_EXERCISE:_
The required answer is an exact copy of the lines from the one containing "Non-toxic quantum dots" to the end of the listing, both included, without any pictures.

───── DATA SHOWN

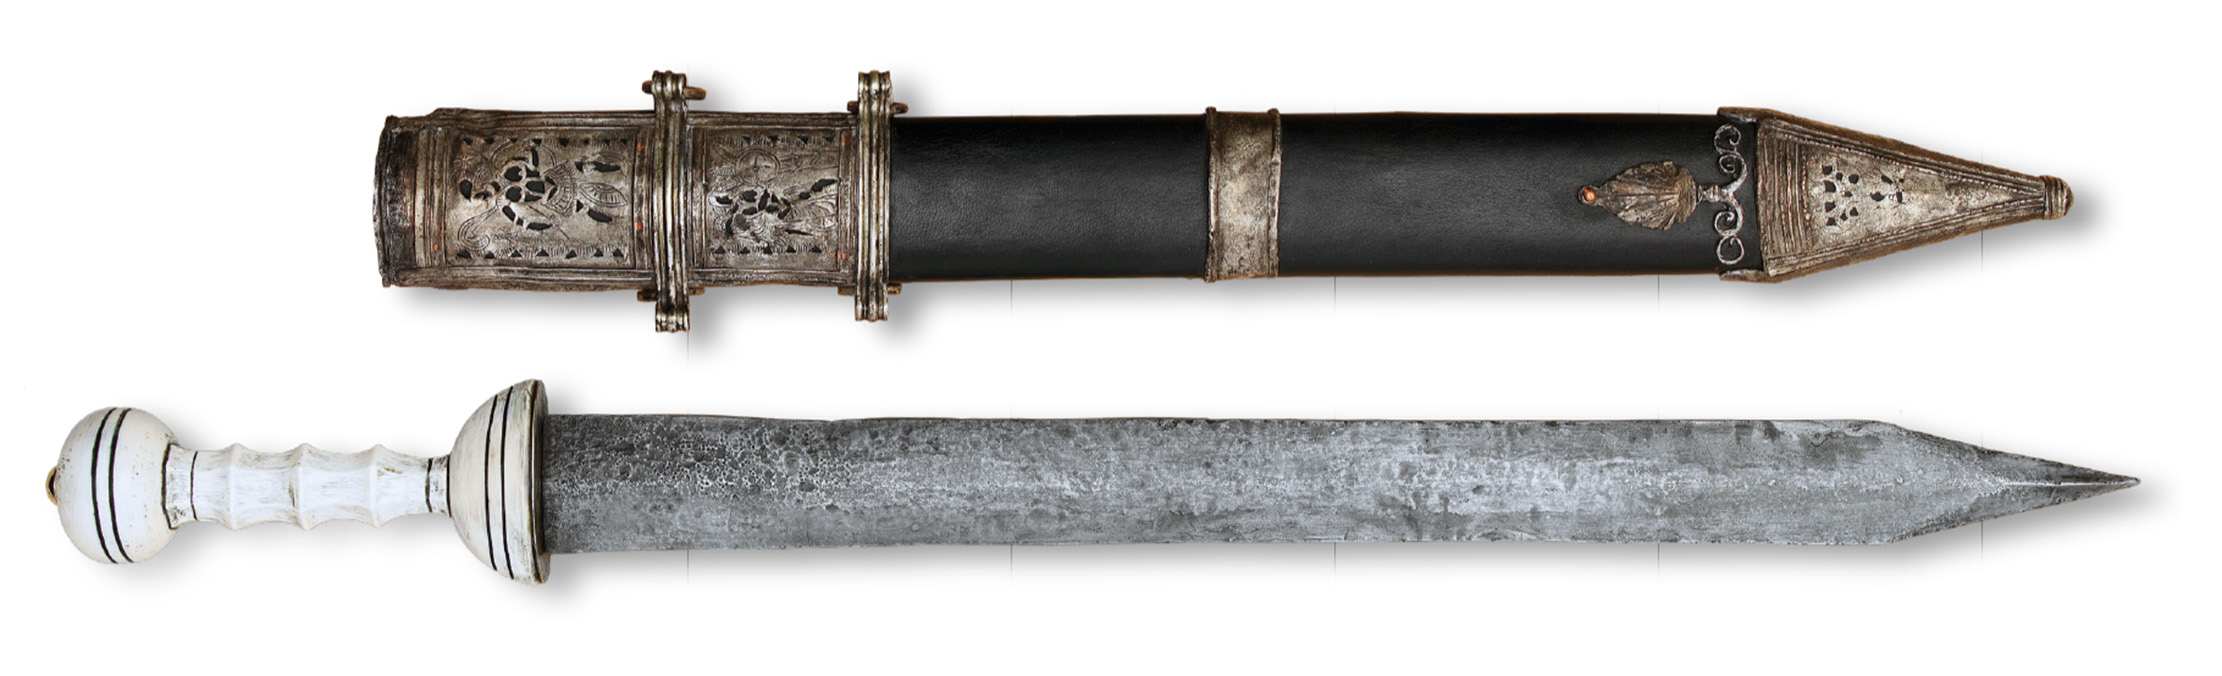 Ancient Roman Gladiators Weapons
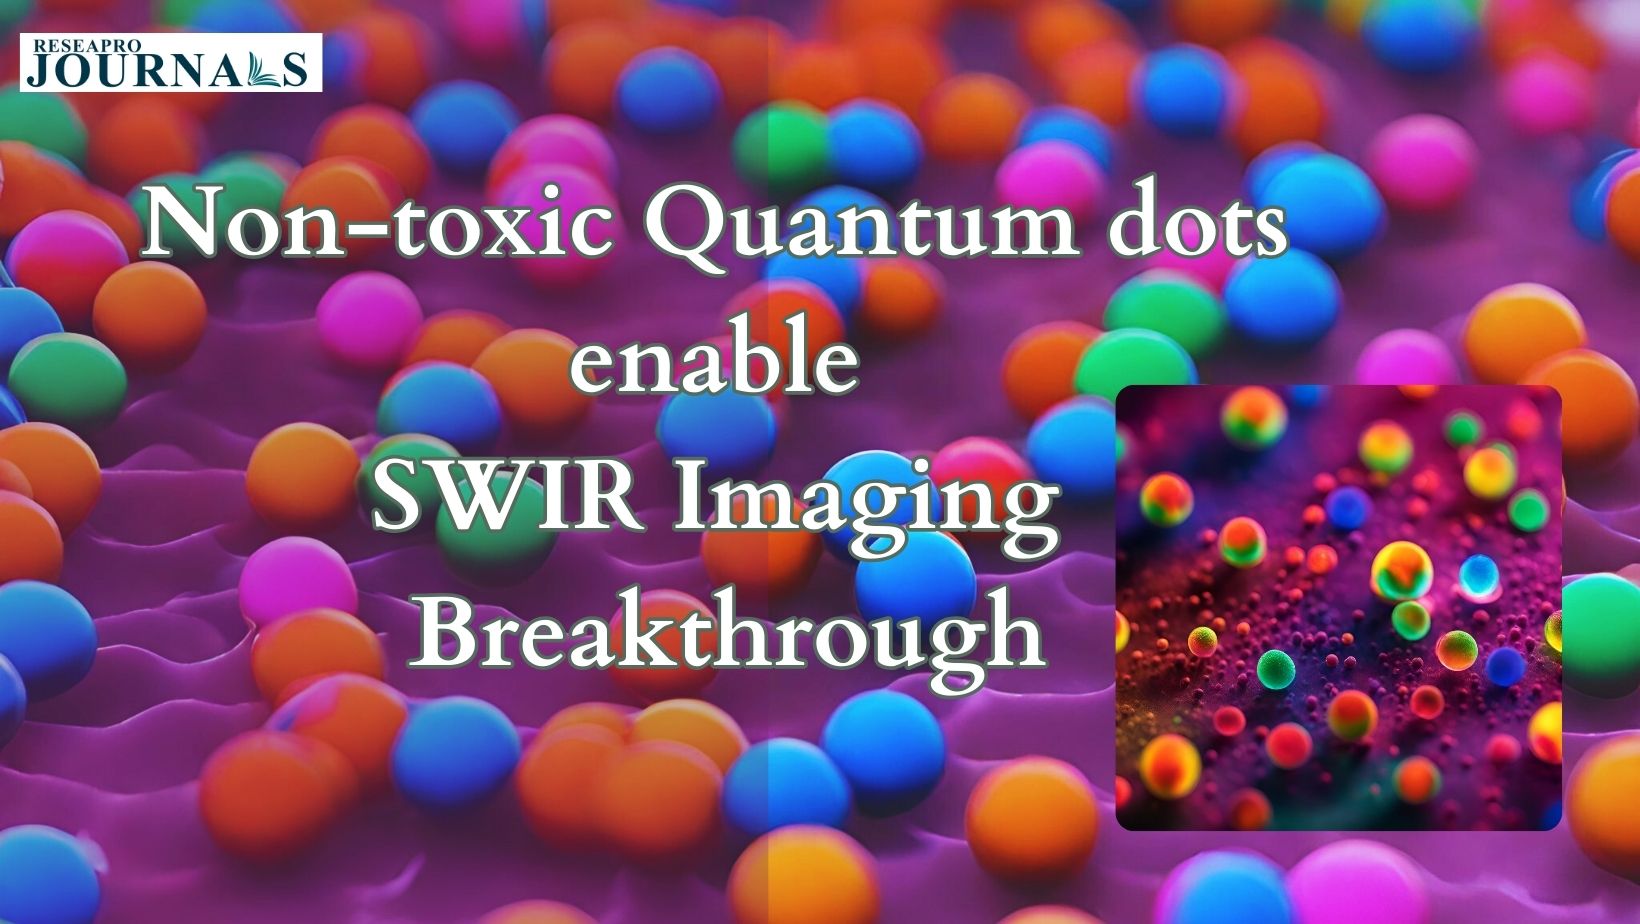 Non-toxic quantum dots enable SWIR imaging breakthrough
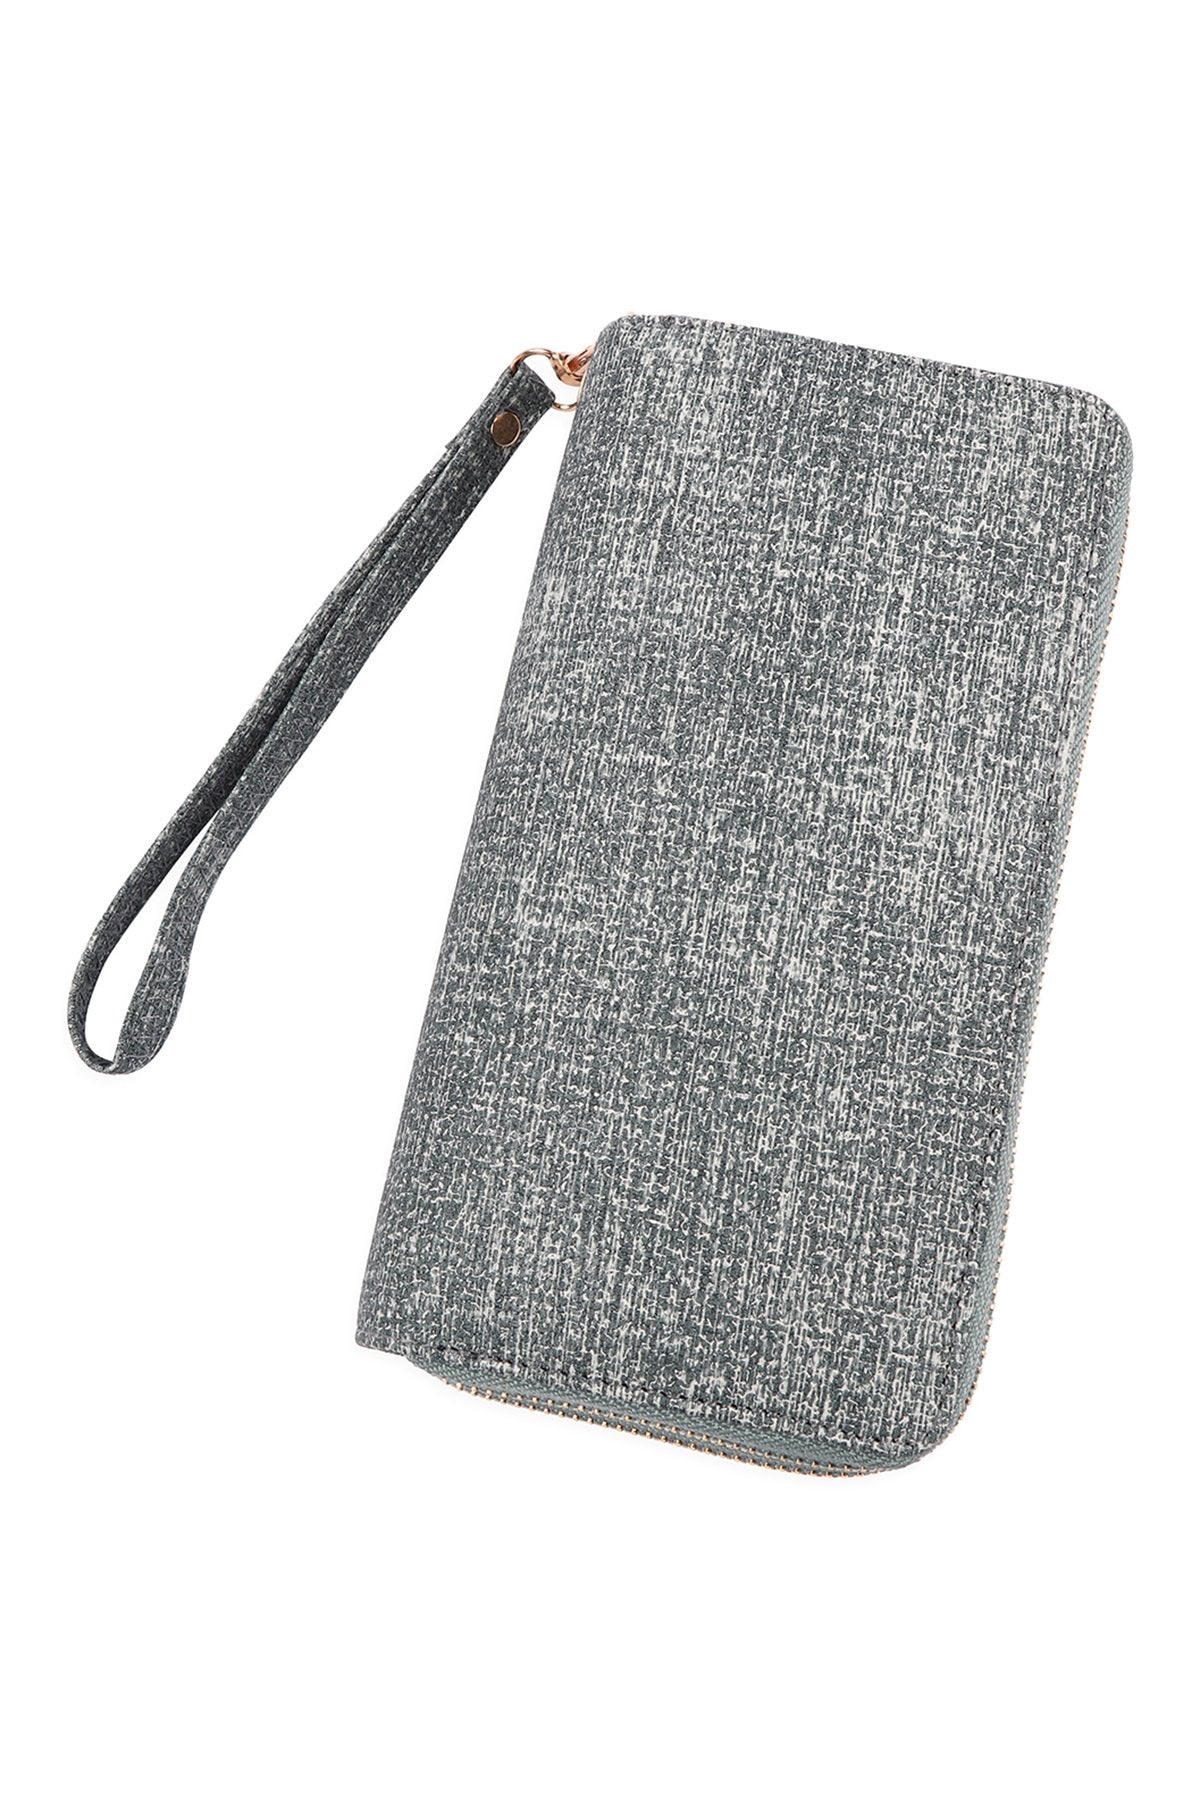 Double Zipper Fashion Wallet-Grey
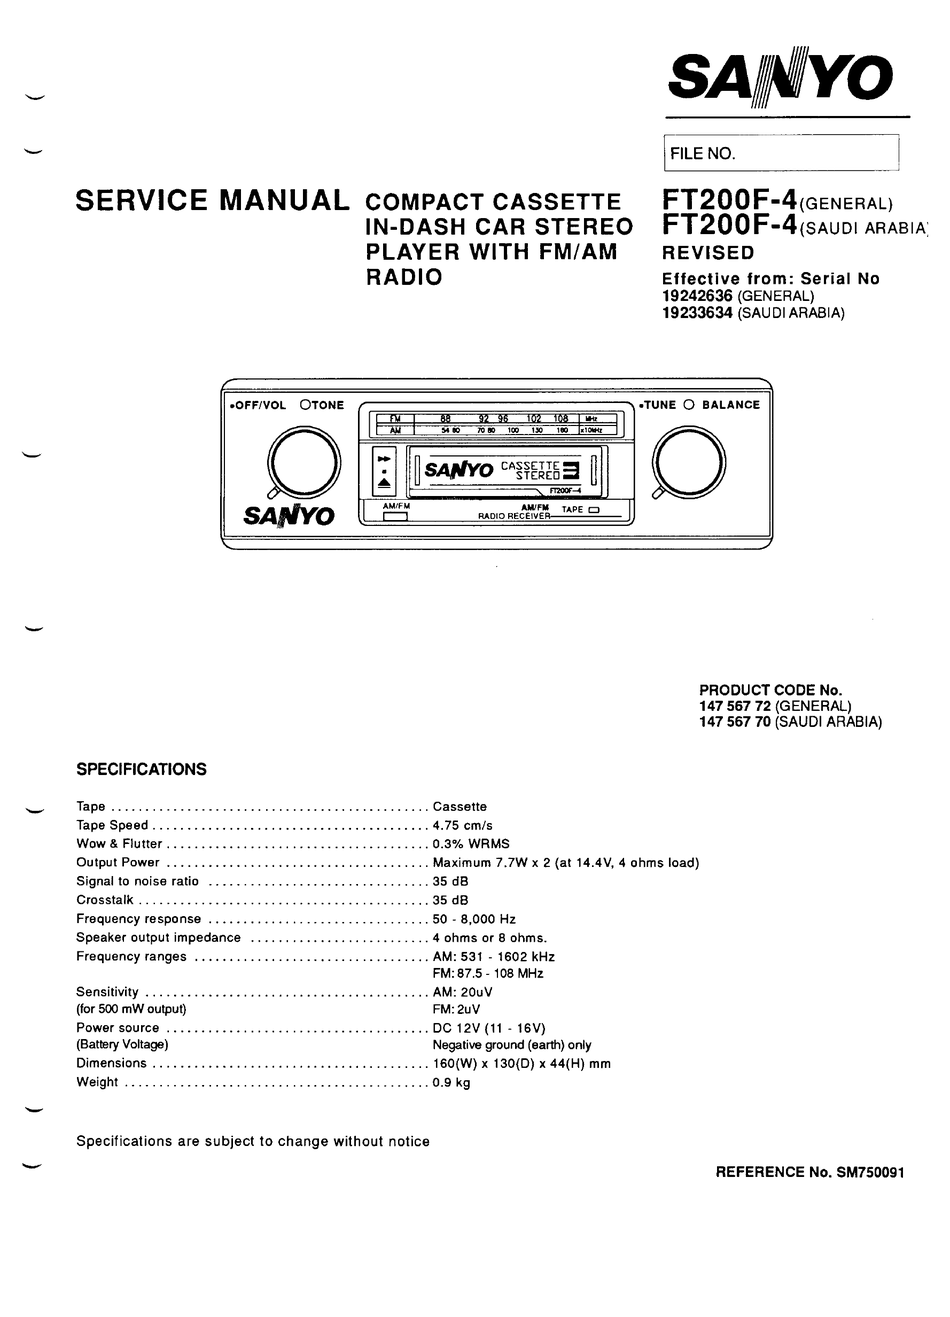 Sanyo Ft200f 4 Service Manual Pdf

──────────

_SOLUTION TO THE PROBLEM:_
 Non-toxic quantum dots enable SWIR imaging breakthrough
 Double Zipper Fashion Wallet-Grey
 Sanyo Ft200f 4 Service Manual Pdf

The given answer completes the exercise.